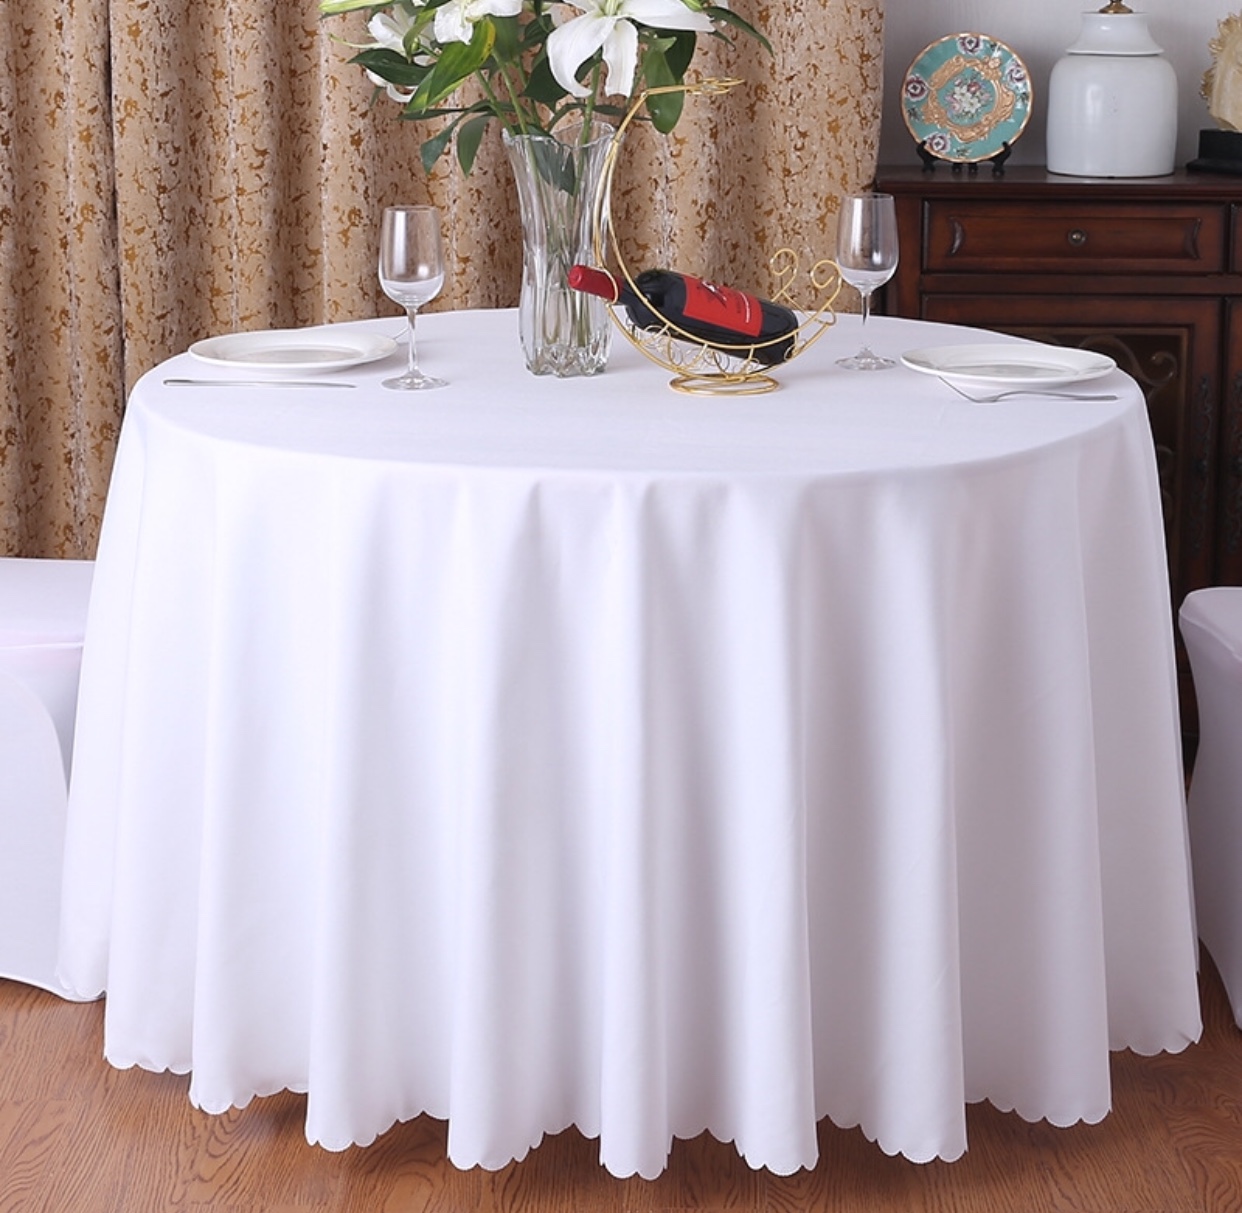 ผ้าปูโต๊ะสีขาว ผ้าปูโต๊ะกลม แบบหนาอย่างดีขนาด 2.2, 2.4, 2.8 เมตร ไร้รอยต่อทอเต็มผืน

######

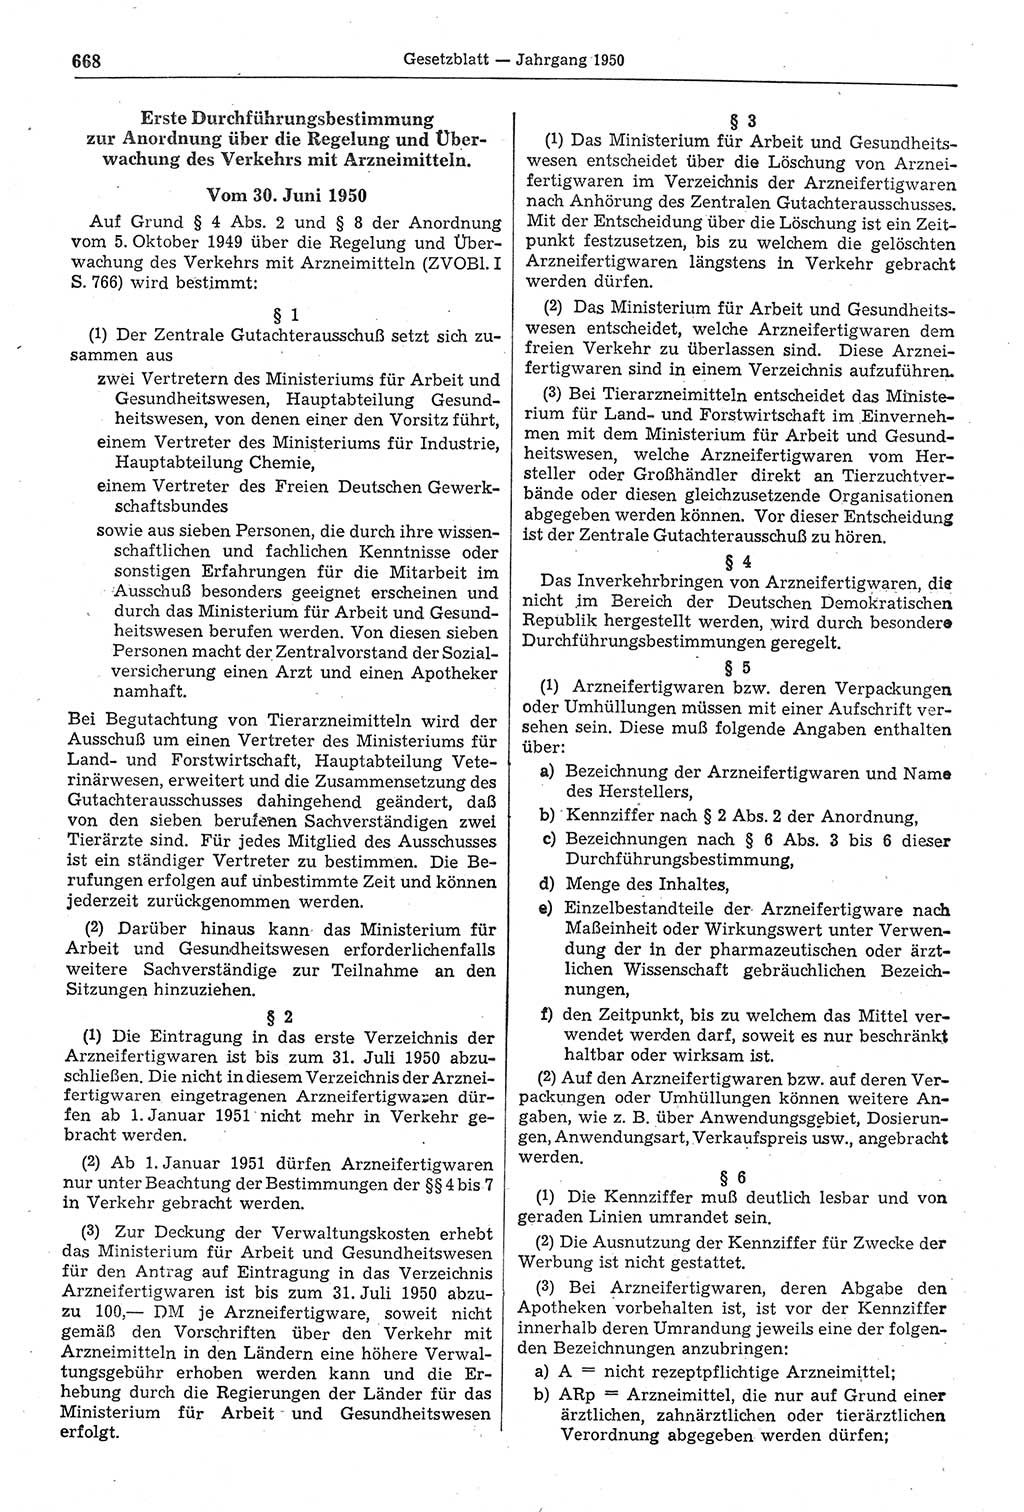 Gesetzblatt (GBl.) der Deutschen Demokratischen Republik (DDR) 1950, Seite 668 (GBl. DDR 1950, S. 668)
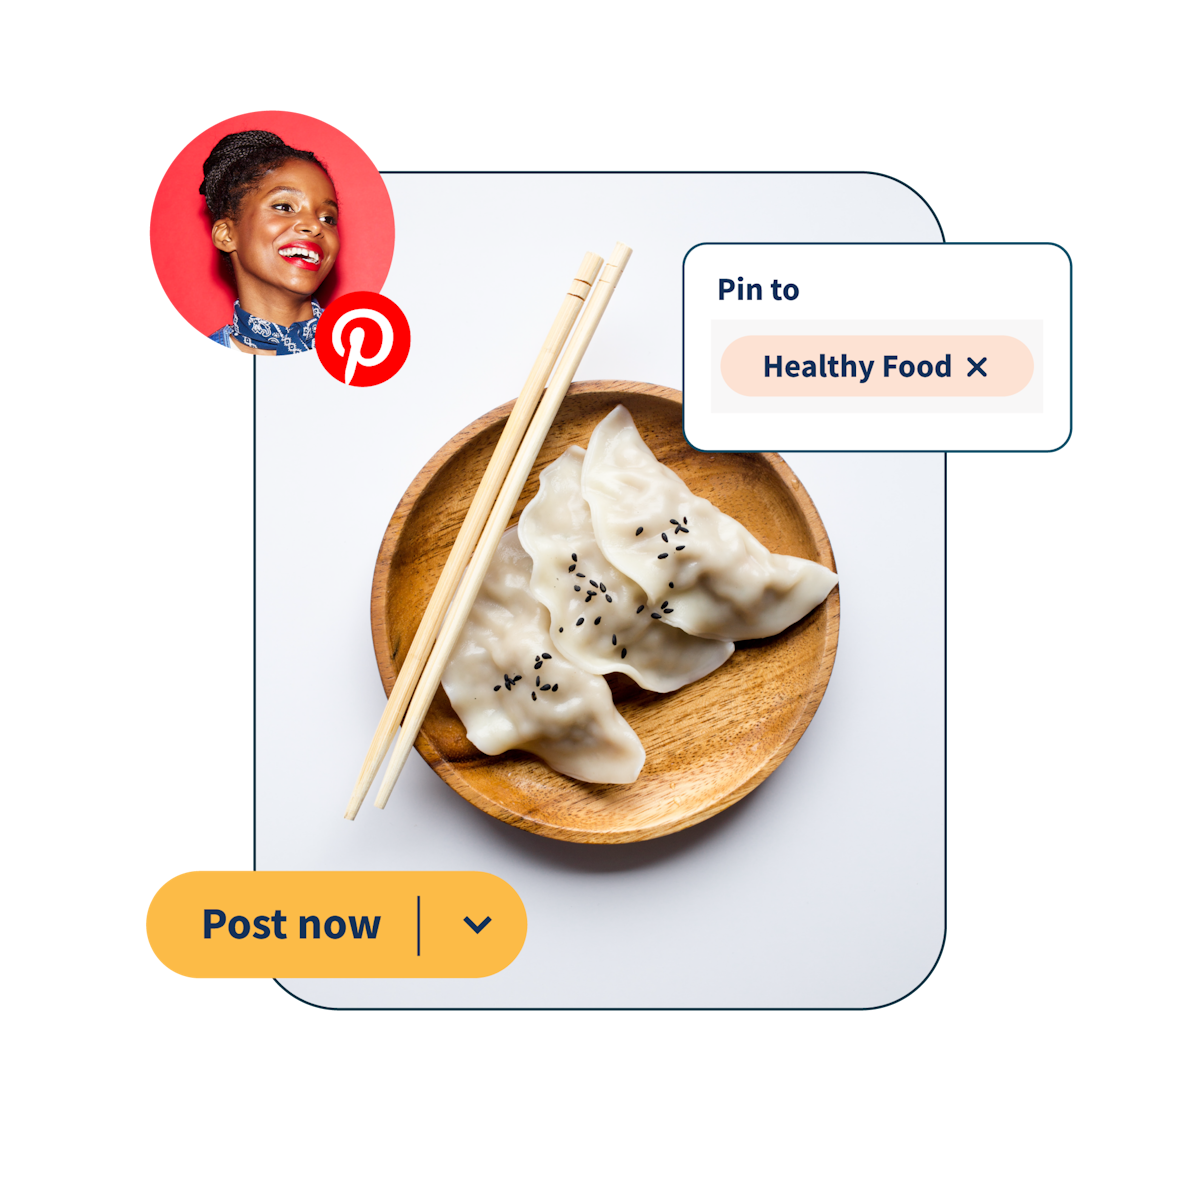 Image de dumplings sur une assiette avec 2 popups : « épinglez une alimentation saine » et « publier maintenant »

######

**Activity:** Copy only what runs above from the line containing "Gesetzblatt (GBl.) der" through the line containing "Image de dumplings", exactly. Leave out the pictures.

**Solved exercise:**
 Gesetzblatt (GBl.) der Deutschen Demokratischen Republik (DDR) 1950, Seite 668 (GBl. DDR 1950, S. 668)
 Image de dumplings sur une assiette avec 2 popups : « épinglez une alimentation saine » et « publier maintenant »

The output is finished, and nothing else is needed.